‘They want to beat us badly’: bosses address the weekly burden of being ‘targeted’ – Kansas City Chiefs Blog

October 14, 2021


KANSAS CITY, Missouri – As a two-time defending AFC champion with dynamic talent Patrick Mahomes As a quarterback, it is natural for the Kansas City Chiefs to take the best shot from each opponent.

Defensive back Tyrann Mathieu suggested the Chiefs are wearing thin under that load.

“We just have to find a way to dig deeper,” Mathieu said Sunday night after a 38-20 loss to the Buffalo Bills. “All the teams we play want to beat us. They want to beat us badly … We’re going to Washington [this] week and they will want to beat us.

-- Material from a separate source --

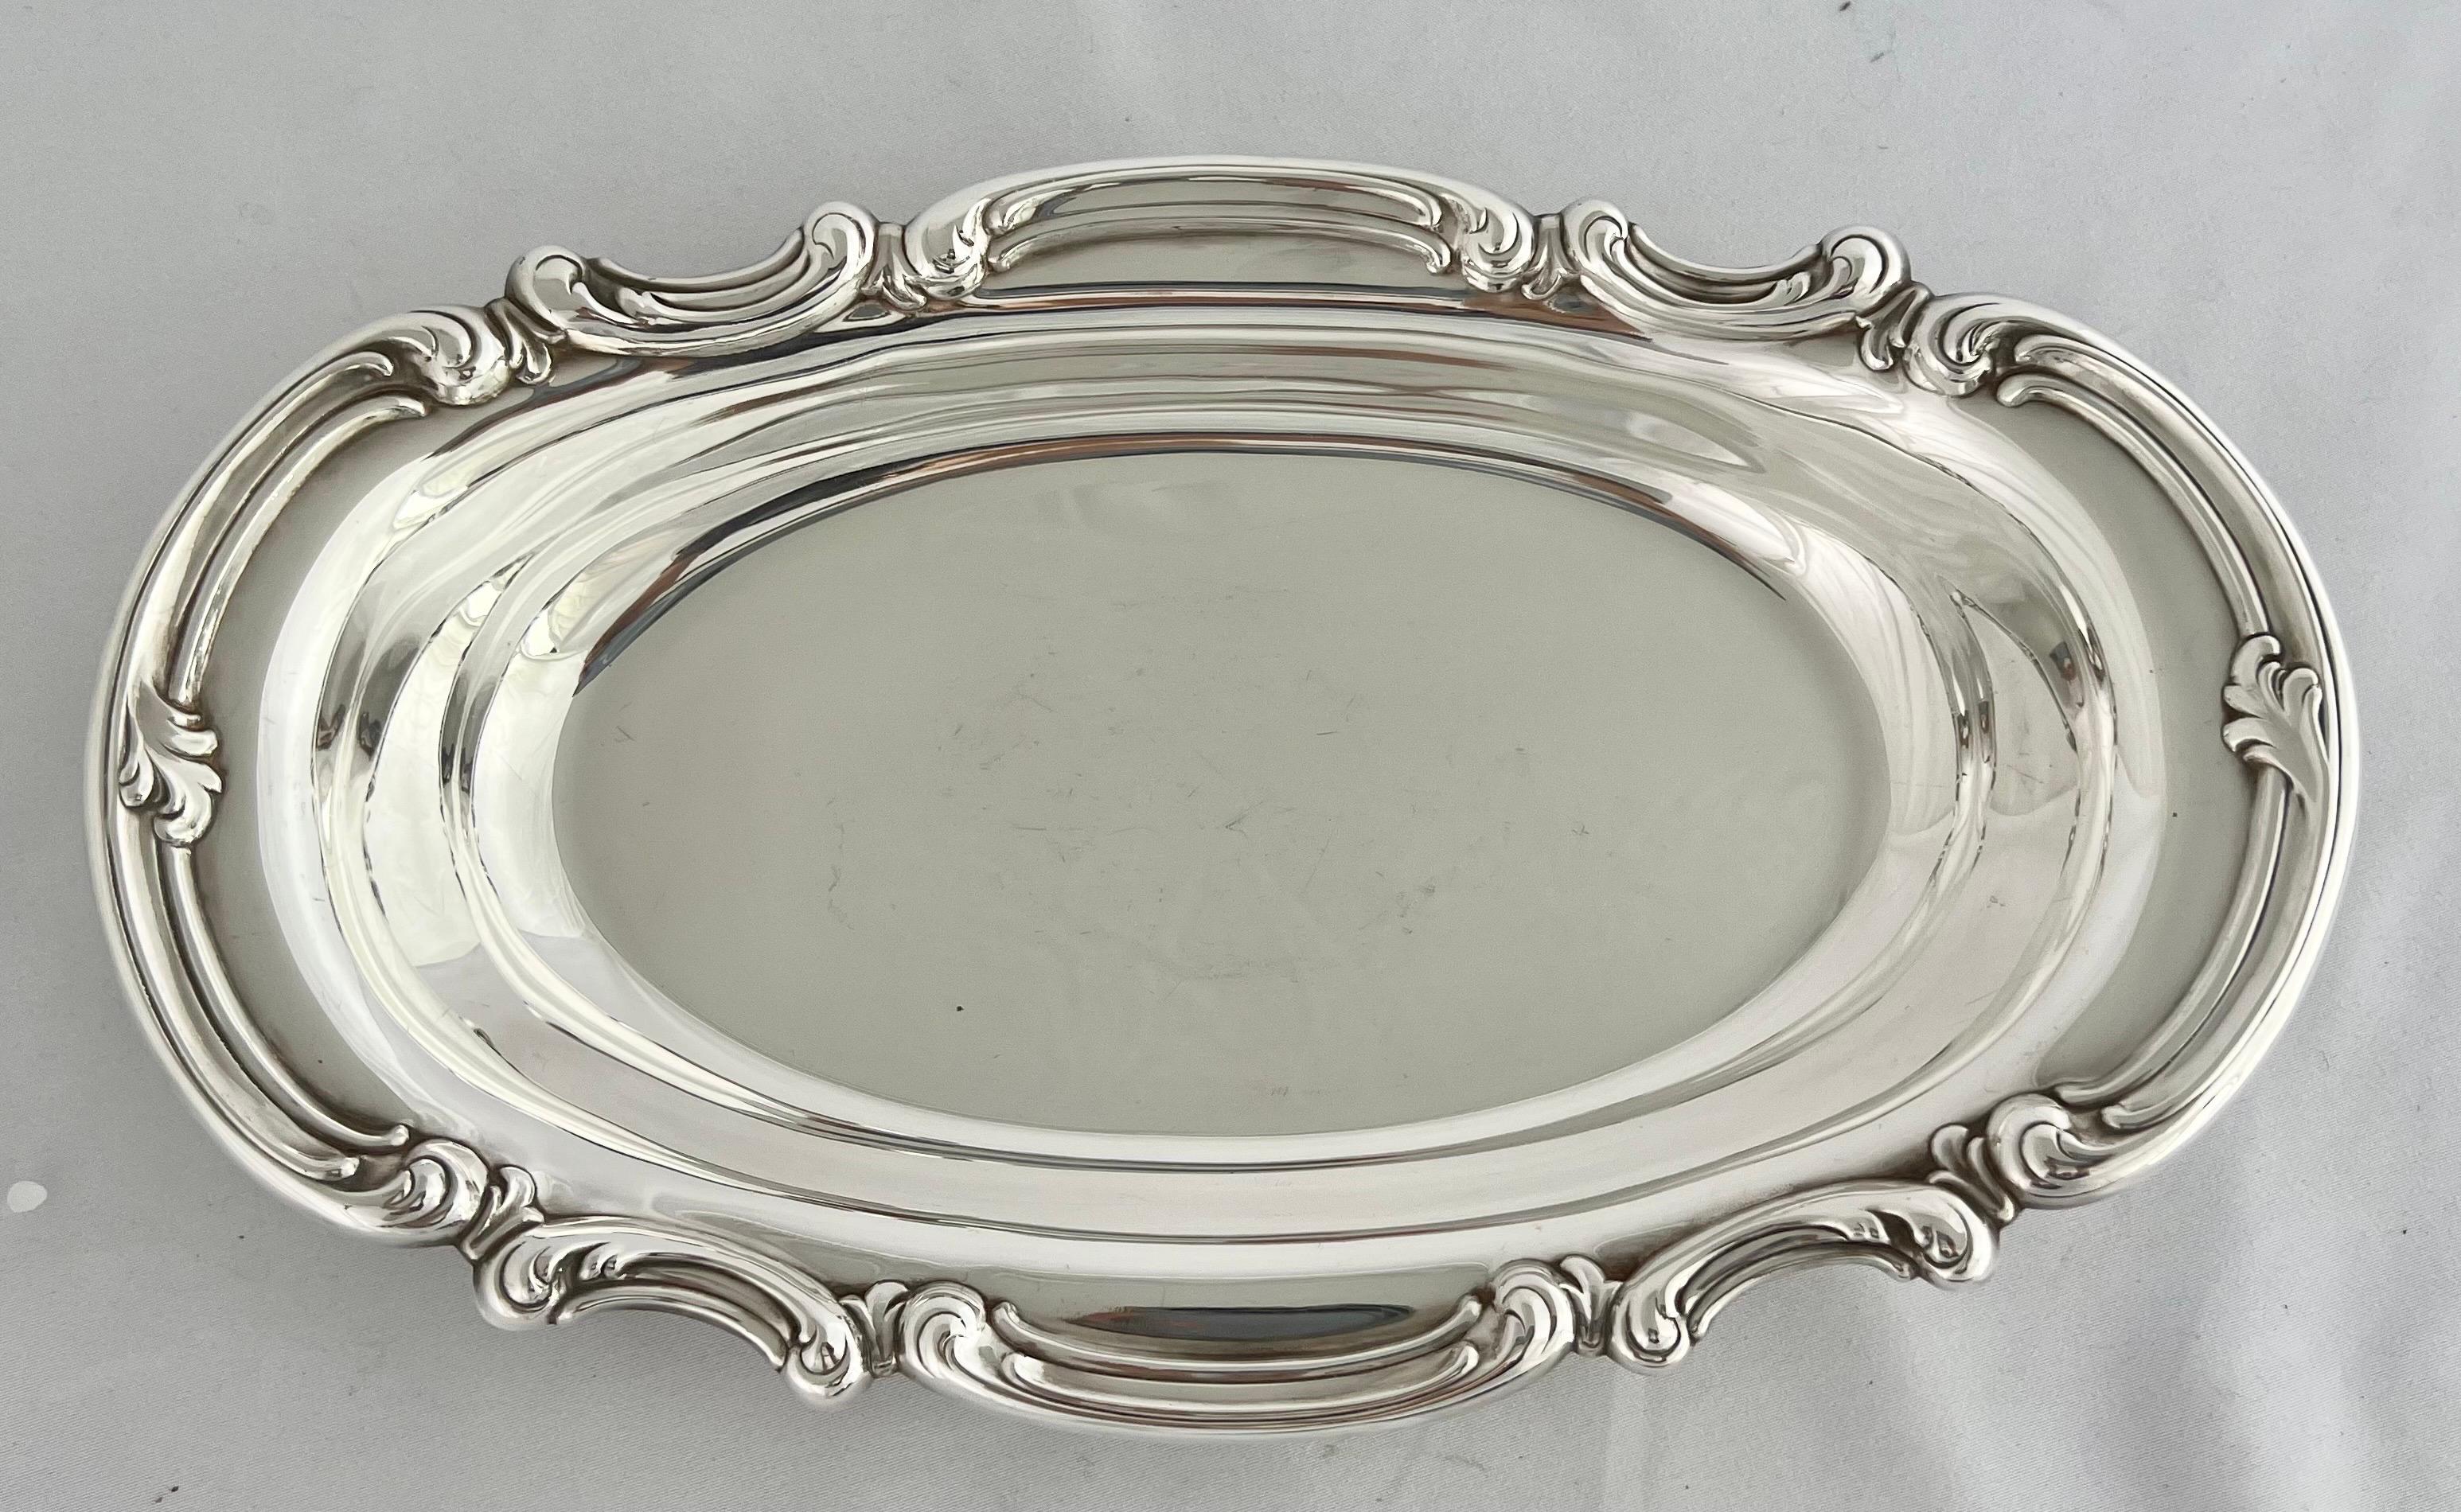 American Gorham silver plated serving dish with scrolled detail around the edge of the piece. It would be great to serve food but you can also use it for hand towels in you powder room. The dish is hallmarked Gorham with an anchor.

“Boys stay up late [in preparation to play against the Chiefs], the coaches stay up late. These guys come into our stadium and all they want to do is win. I say that to say that there is a certain urgency that you must have when playing for the Kansas City Chiefs. Everyone in this league wants what we have – the Mahomes and the Hills and all the success we’ve had, the teams are chasing that, that glory. “

The Chiefs, who started each of the previous four seasons winning at least four games, are 2-3 and find themselves in an unusual place: last place in the AFC West. They’ve played a tough schedule – it looks like four of their five opponents are going to make the playoffs – but, unusually, they haven’t handled it well.

Much of the problem lies with a defense that is last in the league, allowing nearly 33 points per game. That can be attributed to many factors, but there seems to be little doubt that one of them is that opponents, as Mathieu said, are spending extra time preparing for them.

Washington coach Ron Rivera will be the last to try to beat the Chiefs on Sunday (1 pm ET, CBS). He is familiar with being a particular focus of an opponent’s preparation, having once played for a Super Bowl championship team with the Chicago Bears in 1985 and then coached the Carolina Panthers to a 15-1 regular season and a placed in the Super Bowl in 2015.

“It’s very difficult,” Rivera said. “[Chiefs coach Andy Reid] won his [Super Bowl] and the next season everyone shot him and now everyone shoots him at another time.

“Having lost [the Super Bowl last season] And just the trauma of trying to start over, that’s hard Really is. It takes a lot from you. [Reid] He’s been through it two years in a row, I can only imagine the stress it puts on an individual. It is a lot of work. You are always in people’s sights. Nothing is easy at that time. … You are in a situation where you are the yardstick for a while. “

Rivera said the players felt a burden similar to that of the coach.

“When I was a Bears player, I always felt that way from that moment, from 1985 onwards, that we were going to get the best shot ever,” he said.

Nobody feels sorry for the Chiefs. Carrying the target is a problem any team would like to have, and Reid suggested that doing so is a privilege and not a burden.

“I wouldn’t want to be in a different position than that, like the guys who have been here before are,” Reid said. “And now you have an influx of new guys, so they weren’t here for the last year or two.

“We all, we just all need to improve our game and have the same urgency to get things done.”

Mahomes said: “I wouldn’t want it any other way. I want to be as prepared as possible to play in the playoffs and try to get to the Super Bowl. If that means we’re going to get the best shot out of each team, then I’m up for the challenge. “.

The problem for the Chiefs is that they haven’t been ready this season. Opponents have consistently tried a defensive strategy – two safes and no blitzing – that has at times frustrated Mahomes and the Chiefs’ offense and forced them to fumble.

In defense, little has worked. They’re allowing a staggering 7.1 yards per play, the latest in the NFL and well above the league average of 5.7. The NFL record for a full season is 6.6.

That may explain why the Chiefs, on defense at least, are feeling the strain.

“We have to find a way to stop the bleeding,” Mathieu said.